Одним словом, вся эта свистопляска продолжалась аж до апреля нынешнего года. Она продолжалась бы и дальше, но тут о Заке резко забыли. И я тоже забыл. Стало не до него: в городском зоологическом саду умер верблюд по имени Геракл. Скажут, ну и что тут такого? Все смертны и верблюды не исключение, только вот умер он как-то странно. На это обратили внимание еще служители, которые его хоронили. Кажется, их было трое. А меньше, чем через неделю, всех троих отвезли в инфекционное с ознобом и кровавой рвотой. Потом на улицах стали находить мертвых крыс. Одним, конечно, было все равно. Другие, как всегда пеняли на эпарха города за нерадивое отношение к коммунальному хозяйству: где дворники? Развели, понимаешь, антисанитарию! А так, крысы и крысы. Мало ли, какая мерзость иногда на свет божий выползает. Вот, прошлым летом, например, весь город был усыпан дохлыми майскими жуками. Откуда они взялись в таком количестве – никто не знает. А тут крысы… да мало ли?

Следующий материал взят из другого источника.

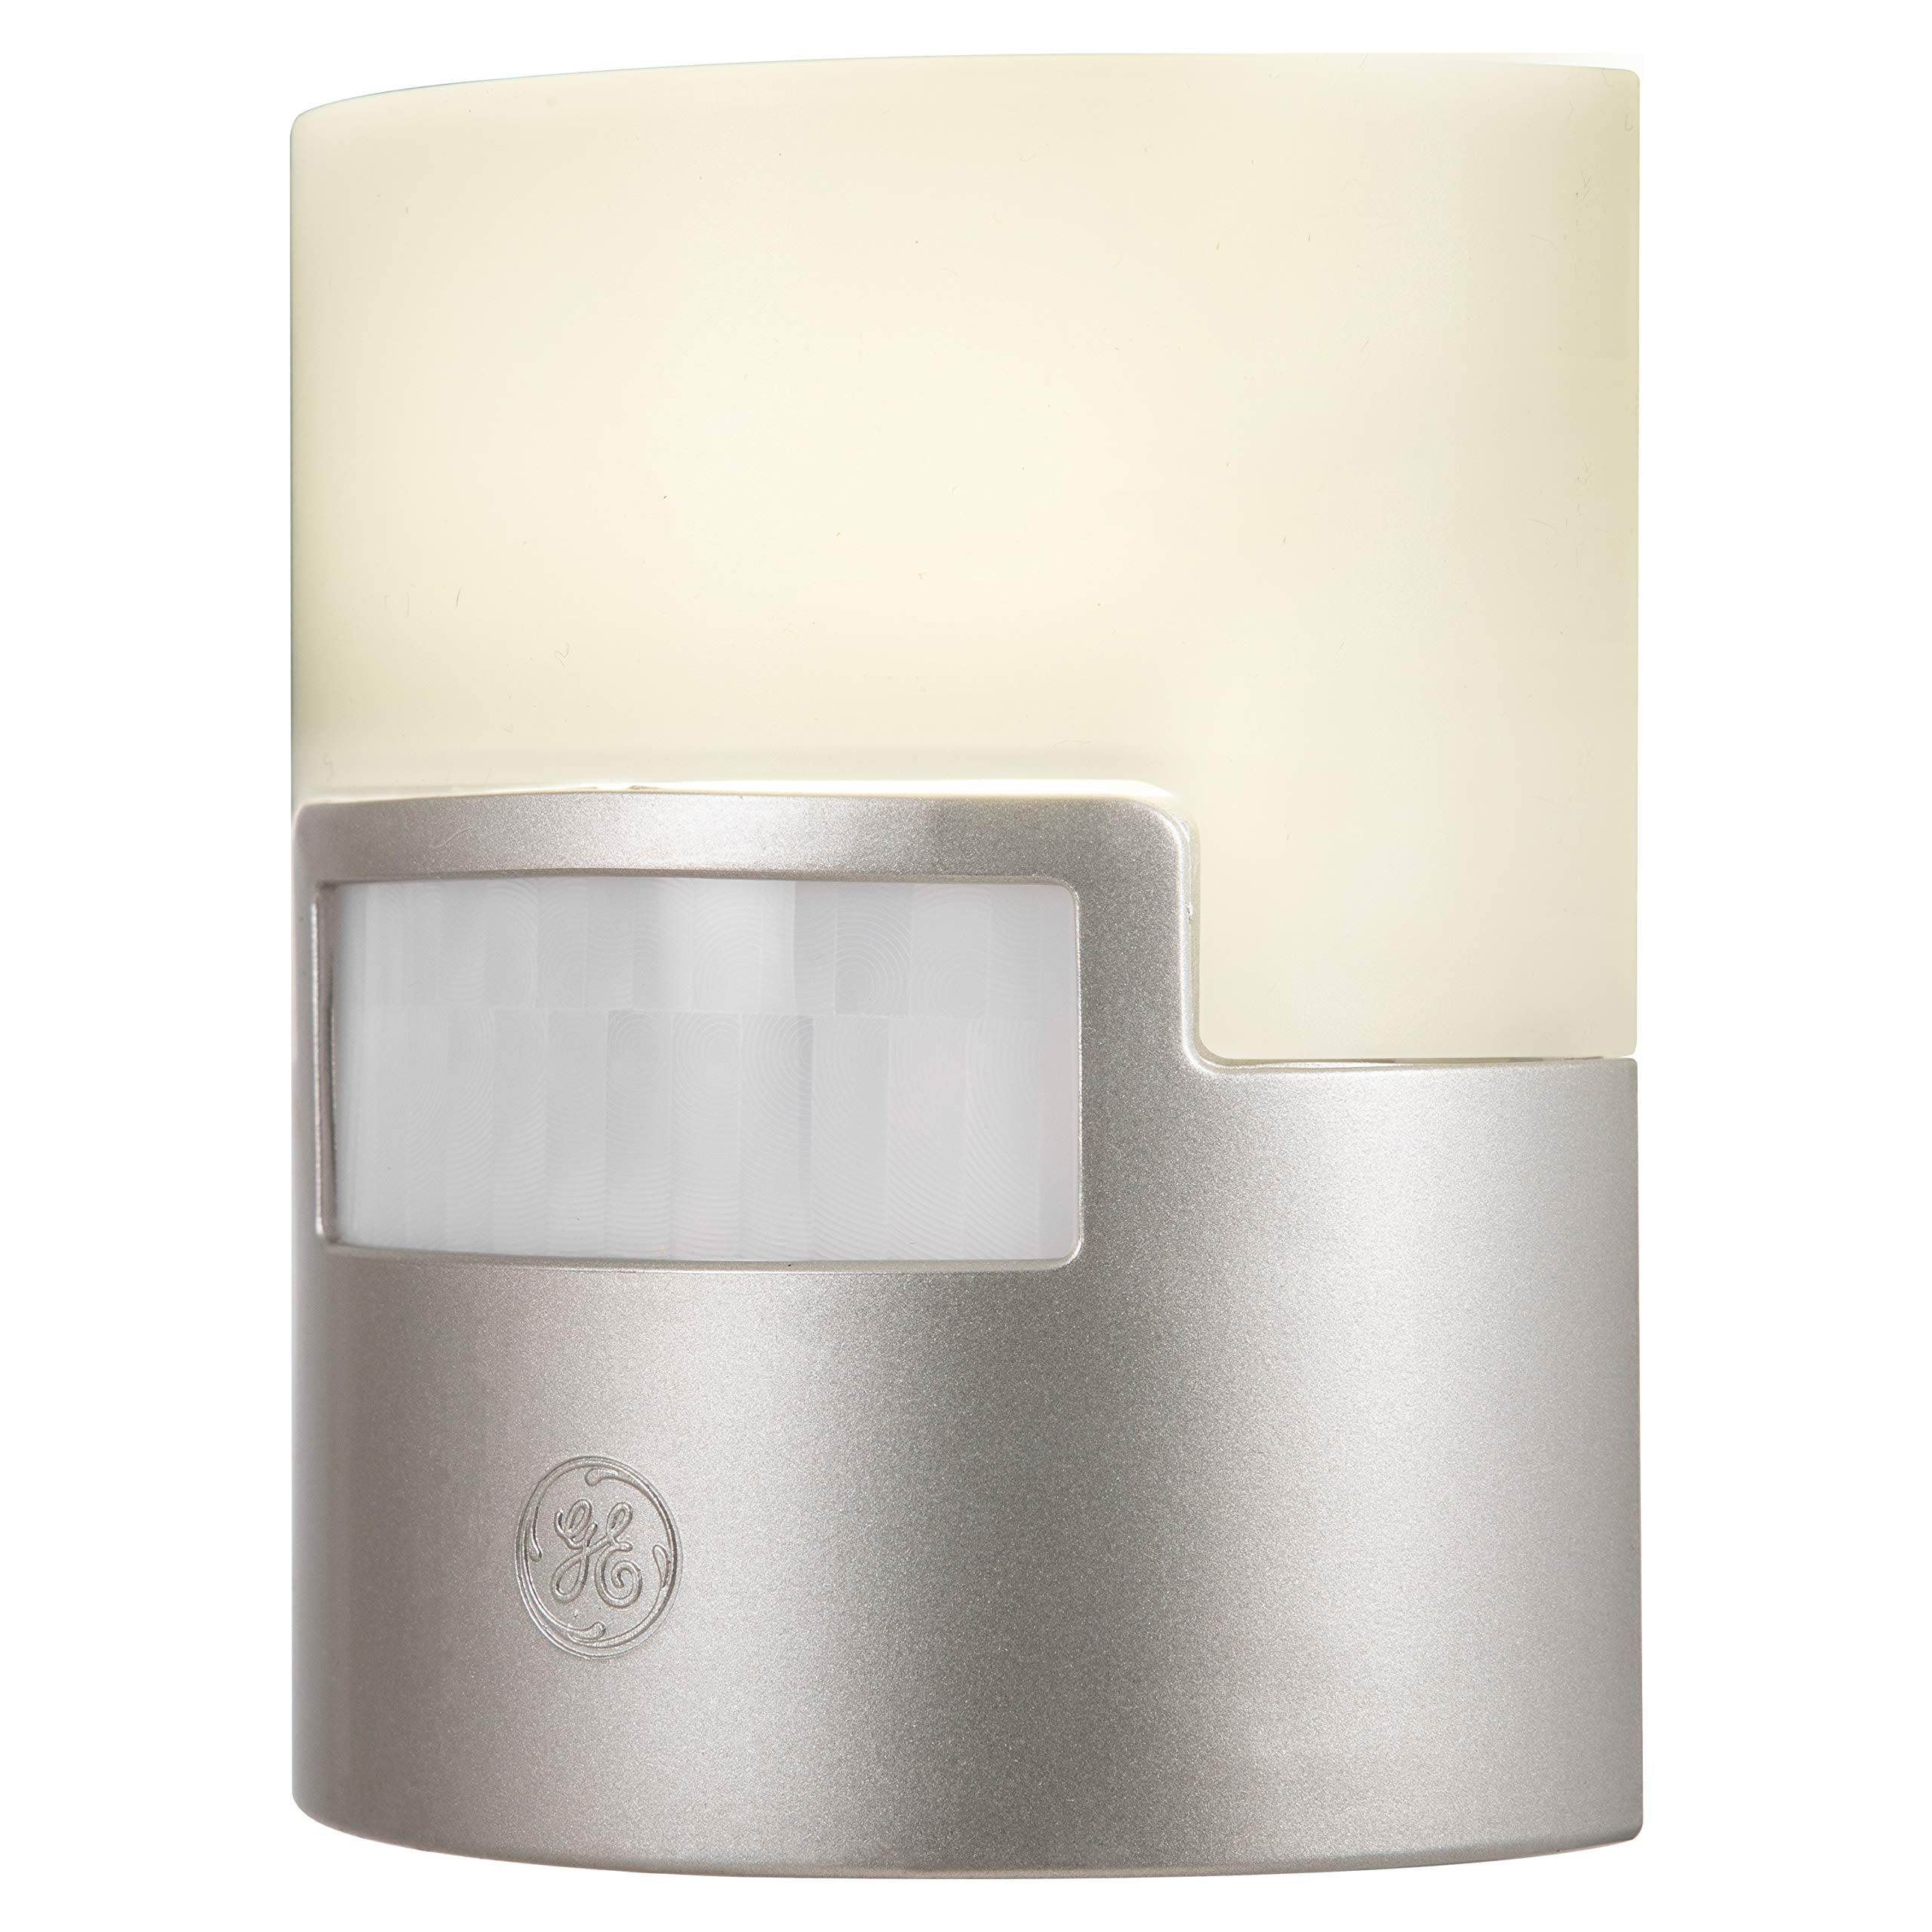 GE Silver LED Night Light

Только вот главный санитарный врач диоцеза оказался о крысах другого мнения. По-моему, именно от него мы в первый раз услышали это дикое словцо, прямо из средневековья: чума. Чего он только нам не поведал во время своего выступления по телевизору! Оказывается, этот древний вирус, как жил себе, так и до сих живет пор в каких-то земляных амебах. Мол, никуда он не исчезал и даже не собирается, потому что по статистике ежегодно в мире чумой заболевают аж две с половиной тысячи человек. В природе она регулирует численность грызунов, а человеку передается через укусы блох, которые жили на зараженных животных. Чумная палочка быстро размножается в крови человека, потому что наши белые кровяные тельца чем-то похожи на ее природную среду обитания – на одноклеточных амеб. Дальше заражение происходит воздушно-капельным путем.

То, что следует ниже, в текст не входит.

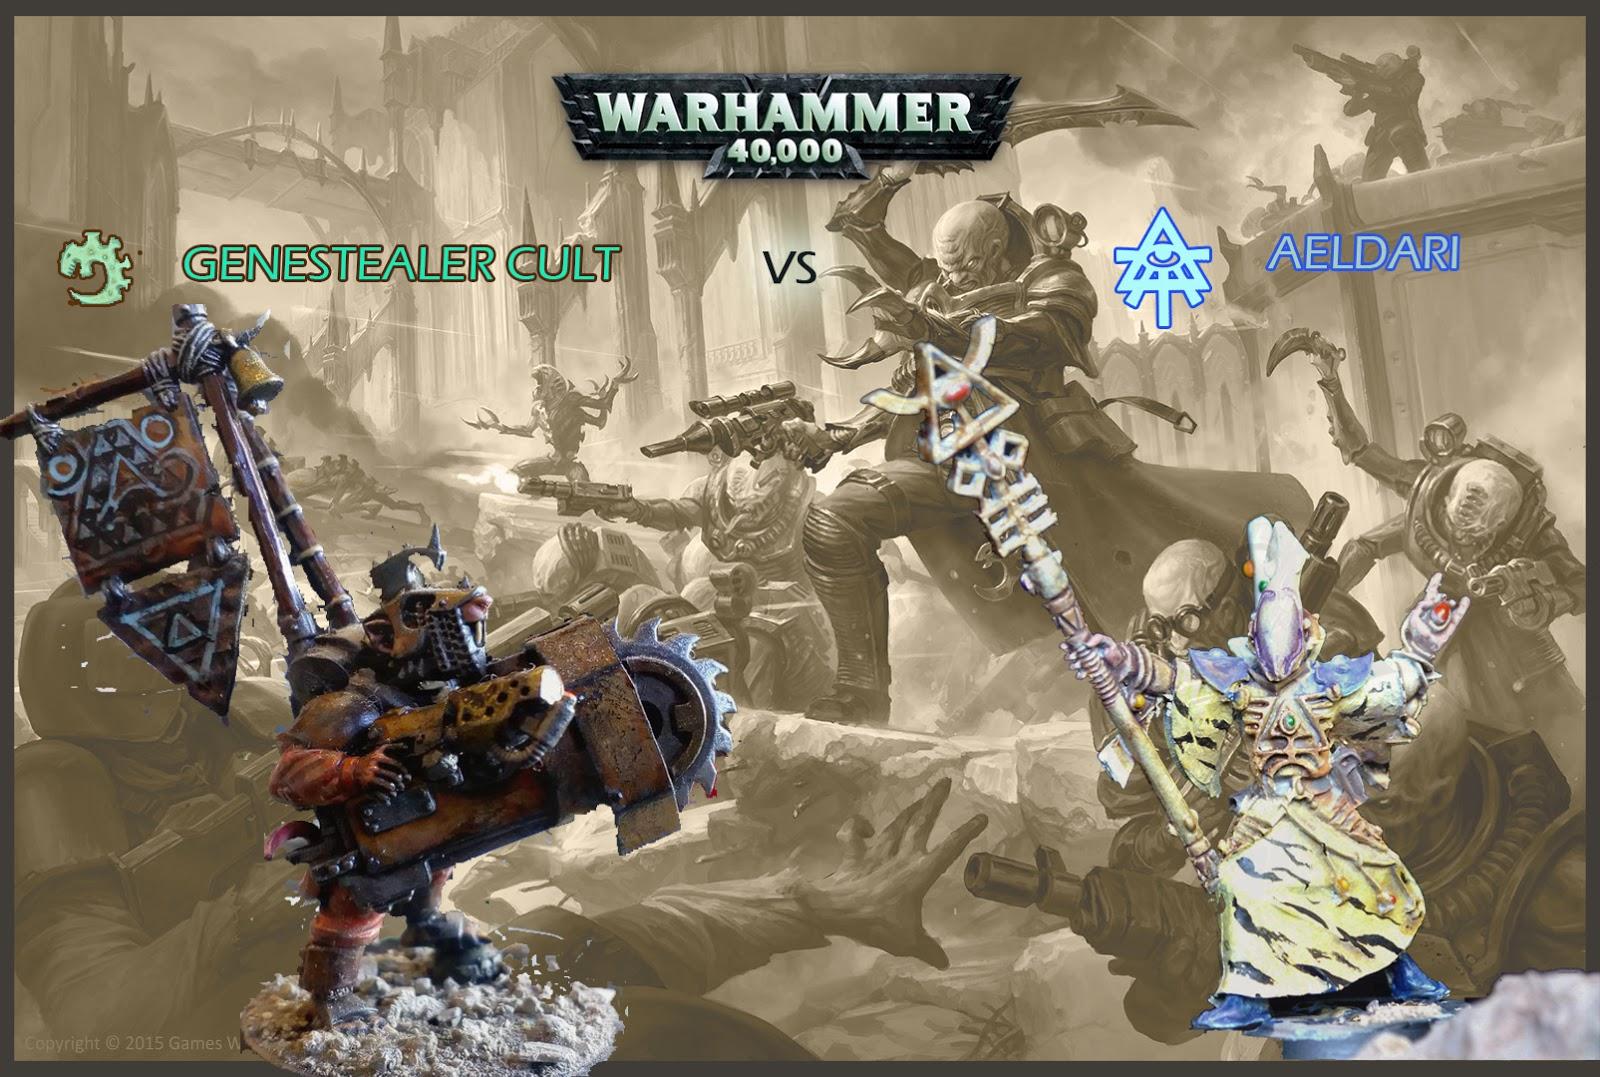 Frontline News – Warhammer 40K 8th edition Aeldari vs

Еще он сказал, что на тот момент в нашем городе насчитали уже шесть случаев заражения бубонной чумой и один легочной: «В городе объявляется карантин: все городские порты вокзалы, детские сады, школы, университеты, публичные учреждения, кроме больниц, будут закрыты. Всем иностранным и местным судам запрещено покидать акваторию. Но причин для паники нет: при своевременном терапевтическом вмешательстве чума полностью излечима. Если еще в прошлом веке смертность была почти стопроцентной, то сегодня она составляет всего пять-десять процентов. Опять-таки, наши аптечные склады в достаточном количестве располагают всеми необходимыми антибиотиками». И тут посыпались эти волшебные слова: сыворотка Хавкина, стрептомицин, дигидрострептомицин, левомицитина сукцинат, бисептол, и тому подобное.

Слова о пяти-десяти процентах, конечно, настораживали, но каждый, по-моему, не сомневался, что уж он-то, среди этих процентов никак не окажется: «средние века давным-давно кончились, к тому же «наши аптечные склады…».

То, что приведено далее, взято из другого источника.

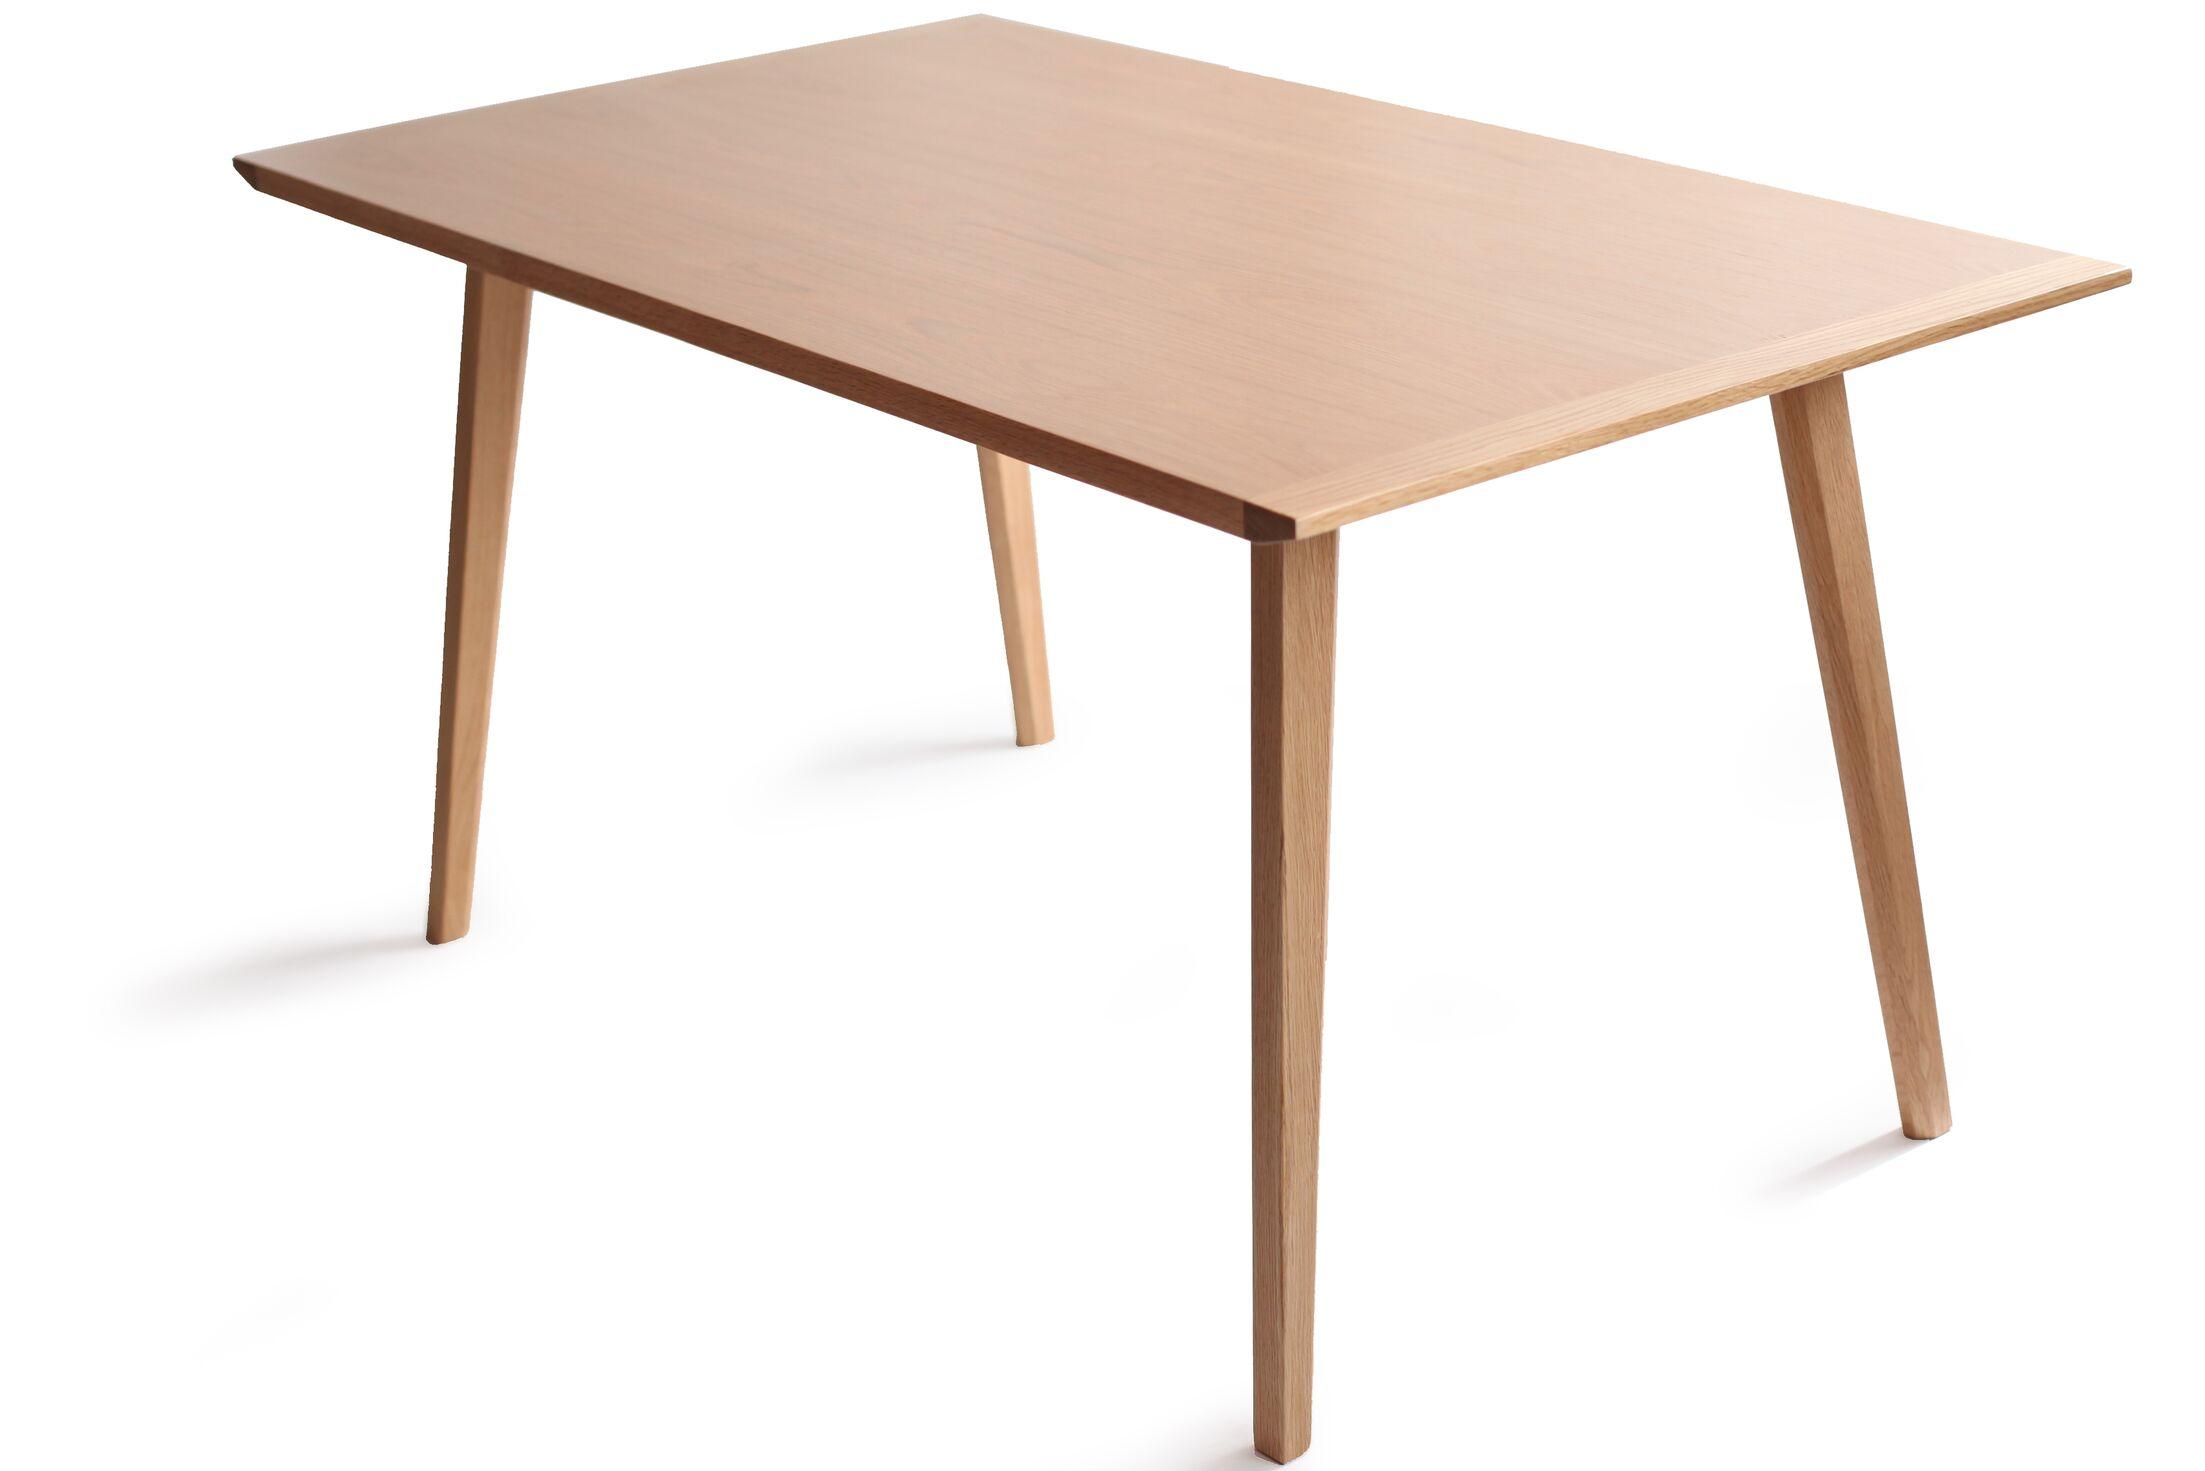 Fairlawn Dining Table Finish: Oak

Мы все поверили в антибиотики как в бога. Раствор стрептомицина стали продавать в аптеках в маленьких скляночках по по фоллию за штуку для личной профилактики. Раскупался он немедленно, к тому же за такие-то гроши! Врачи, которые выступали по телевизору, советовали обрабатывать этим раствором слизистые оболочки глаз, рта и носа, но наши горожане его чуть ли не пили. Я слышал, что его даже стали освящать в церкви и использовать вместо святой воды. Представляю себе: толпа богомольцев в двухслойных марлевых платках, в очках и респираторах, и поп в противочумном костюме, который кропит их с стрептомицином!

Над форумом Константина повесили большущую растяжку: «Профилактика прежде всего!» Мы это восприняли как руководство к действию и только одной профилактикой и занимались. Раствор стрептомицина, пункты обязательной вакцинации, это, конечно, само собой. Но были и те, кто вспомнил старый дедовский метод: жег дома, отправленных в изолятор. Полиция таких поджигателей ловила, да что толку?..

Почти никто тогда запрещенных сектантских брошюрок не читал. А на отдельные робкие заявления двух-трех врачей, что в городе не чума, а, скорее, какая-то античума, – эпидемия неизвестного науке вируса, все только руками махали: «Враки. Брехня. Ничего они не понимают: наши антибиотики – наше спасение»!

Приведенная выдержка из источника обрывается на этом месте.